I’ve always respected Ben Stiller for directing this movie. Reality Bites is not really about the plot, but about its characters – and, on a broader scale, about Generation X in its entirety. Winona Ryder is brilliant as aspiring filmmaker Lelaina Pierce, as is Ethan Hawke as the mind-numbingly sarcastic Troy Dyer – but the group simply would not be the same without Janeane Garofalo and Steve Zahn. This film captures the aimless post-adolescent lifestyle of its generation in a beautiful, simple and very true-to-life manner.
3 | Romy and Michele’s High School Reunion (1997) – dir. David Mirkin
“Would you excuse me? I cut my foot before and my shoe is filling up with blood.”
It’s so rare for slacker movies to be about women. In general, lack of ambition is a characteristic that is only deemed acceptable in men. Perhaps that’s why Romy and Michele is so loved – it unapologetically presents us with two grown women who have done nothing with their lives, and like it that way. Romy (Mira Sorvino) and Michele (Lisa Kudrow) shamelessly sit around watching Pretty Woman, trying to pick up guys at clubs, and stuffing themselves with junk food – and it’s impossible not to fall in love with them.
2 | Ferris Bueller’s Day Off (1986) – dir. John Hughes
“You’re not dying, you just can’t think of anything good to do.”
Advertised with the slogan “LEISURE RULES”, this movie does an impeccable job of creating the ultimate slacker utopia, even if it only lasts a day. The eponymous Ferris Bueller (Matthew Broderick) can charm his way in and out of anything – be it getting his girl, Sloane (Mia Sara) out of school, persuading Cameron (Alan Ruck) to get out of bed, or convincing a maître d’ that he is Abe Froman, the Sausage King of Chicago. This film embraces the philosophy that life must be lived to the fullest every day. Take a day off.
1 | Slacker(1991) – dir. Richard Linklater
“Uh, I don’t do much really, I just read, and work here, and, uh, sleep and eat, and, uh, watch movies.”

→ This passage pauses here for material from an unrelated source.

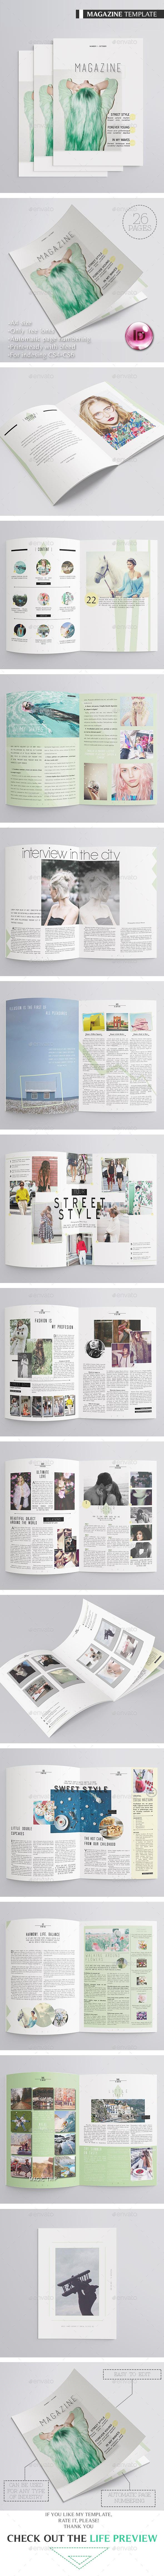 Multipurpose Magazine 26 Pages - Magazines Print Templates

Slacker takes you on a surreal, winding journey through the intertwined lives of the residents of Austin, Texas. Rather than ever following a plot, the film gives us a snippet of a conversation or moment between some unknown characters, and then, when they pass by someone else, the focus moves to that new subject, and so on. At no point does a story develop, and yet you simply can’t tear yourself away from the screen – there’s an odd familiarity in watching these unidentified slackers talking about nothing in particular. The film’s allure can be summed up in one quote from Slacker itself: “the obsessiveness of the utterly passive.”